中国の研究者、火星でも生存可能な植物を発見 

新疆ウイグル自治区で発見されたシントリキア・カニネルビス。(ウルムチ=新華社配信)

 【新華社ウルムチ7月7日】中国新疆ウイグル自治区の資源・生態環境を調べる第3次新疆総合科学調査で、研究者が砂漠の極限環境の中で火星でも生存が可能と思われるコケ植物、シントリキア・カニネルビス(Syntrichia caninervis)を発見した。

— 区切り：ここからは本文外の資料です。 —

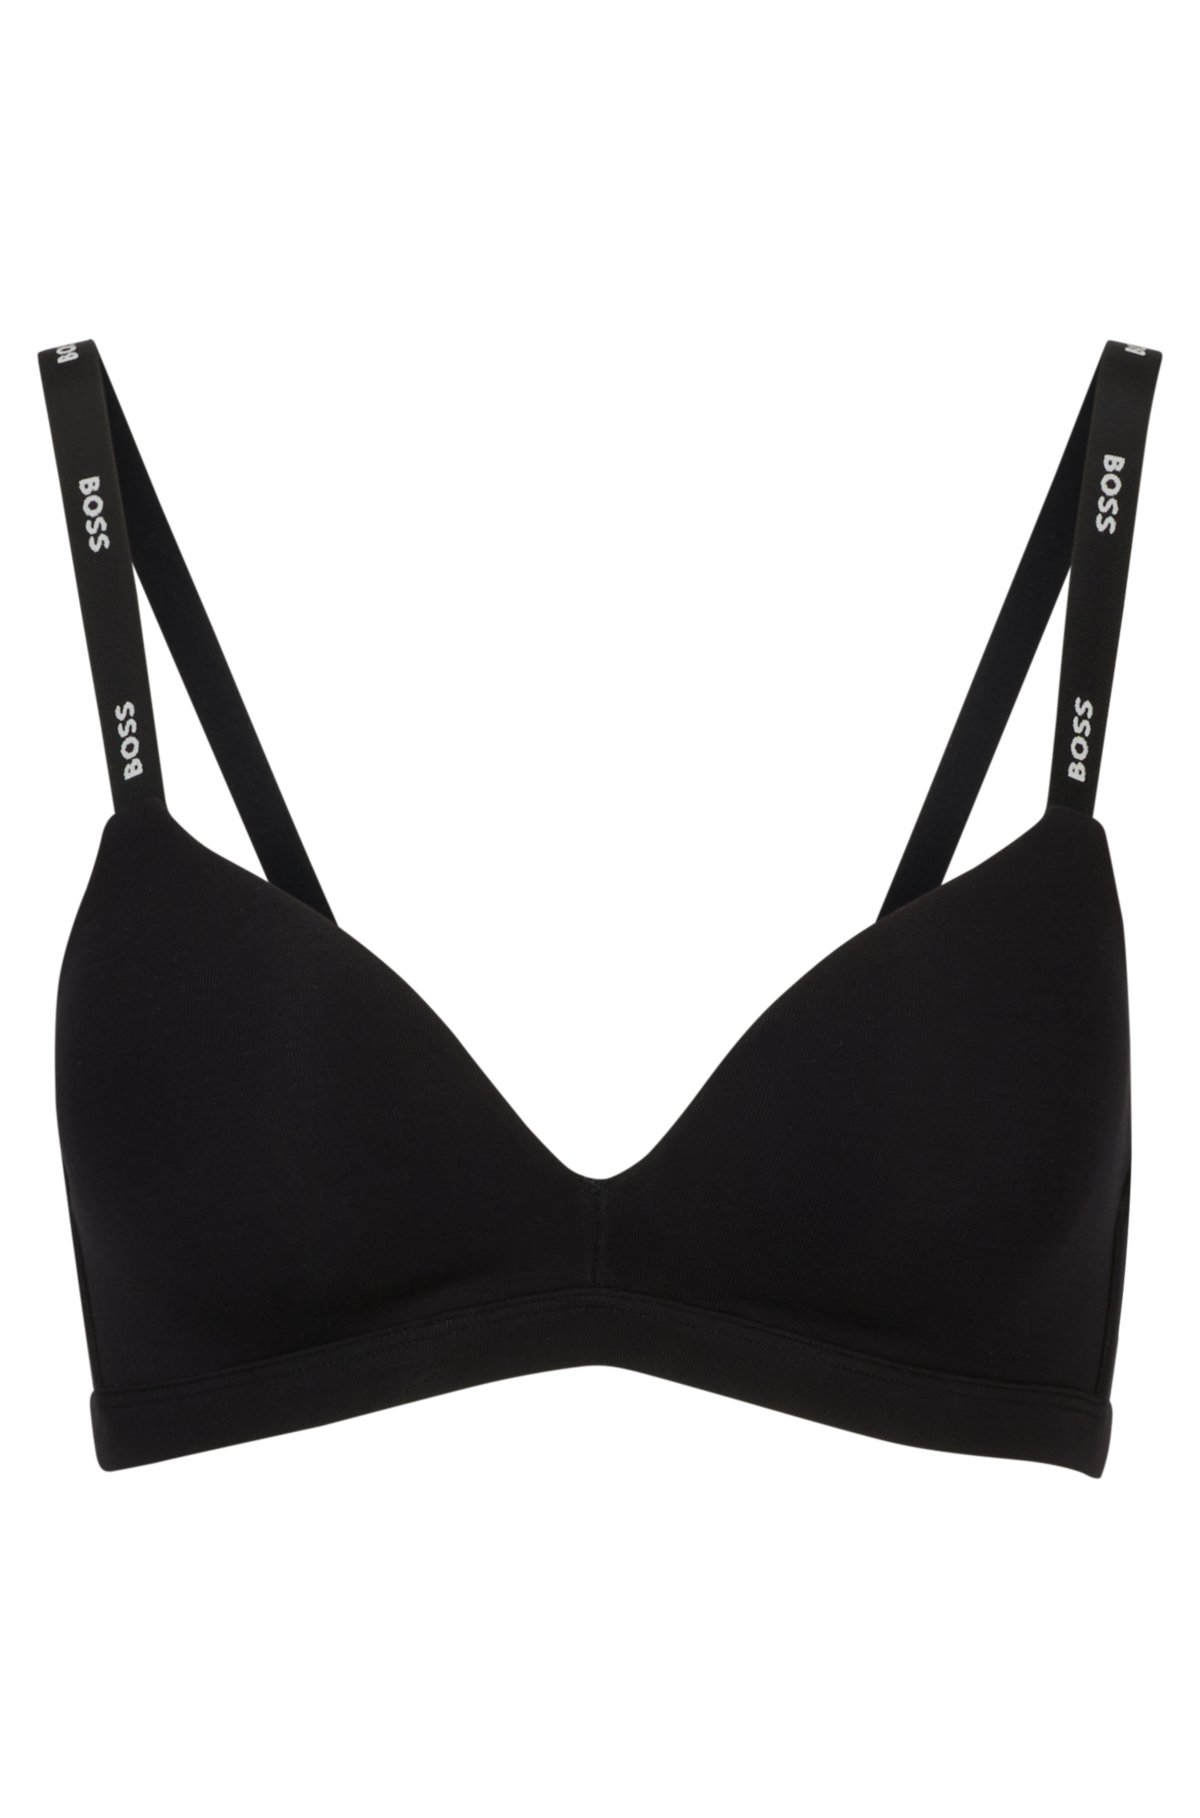 BOSS - Padded triangle bra with detachable branded straps

 中国科学院新疆生態・地理研究所が発表した。シントリキア・カニネルビスは自治区北部ジュンガル盆地にあるグルバンテュンギュト(古爾班通古特)砂漠の生物学的土壌クラストにおける優占種。同研究所の張道遠(ちょう・どうえん)、張元明(ちょう・げんめい)両研究員のチームが、98%以上の脱水、零下196度の超低温、5千グレイ(Gy)以上のガンマ線照射に耐え、さらに迅速に蘇生して再び成長する並外れた回復力を持つことを実験で初めて系統的に証明した。これらの数値は現時点で知られる植物耐性の限界であり、生物学的な環境耐性に対する認識を塗り替えた。

 チームは、過酷な条件が複数重なる火星をシミュレートした環境でもシントリキア・カニネルビスが生き延び、環境回復後に新たな株を生み出せることを確認した。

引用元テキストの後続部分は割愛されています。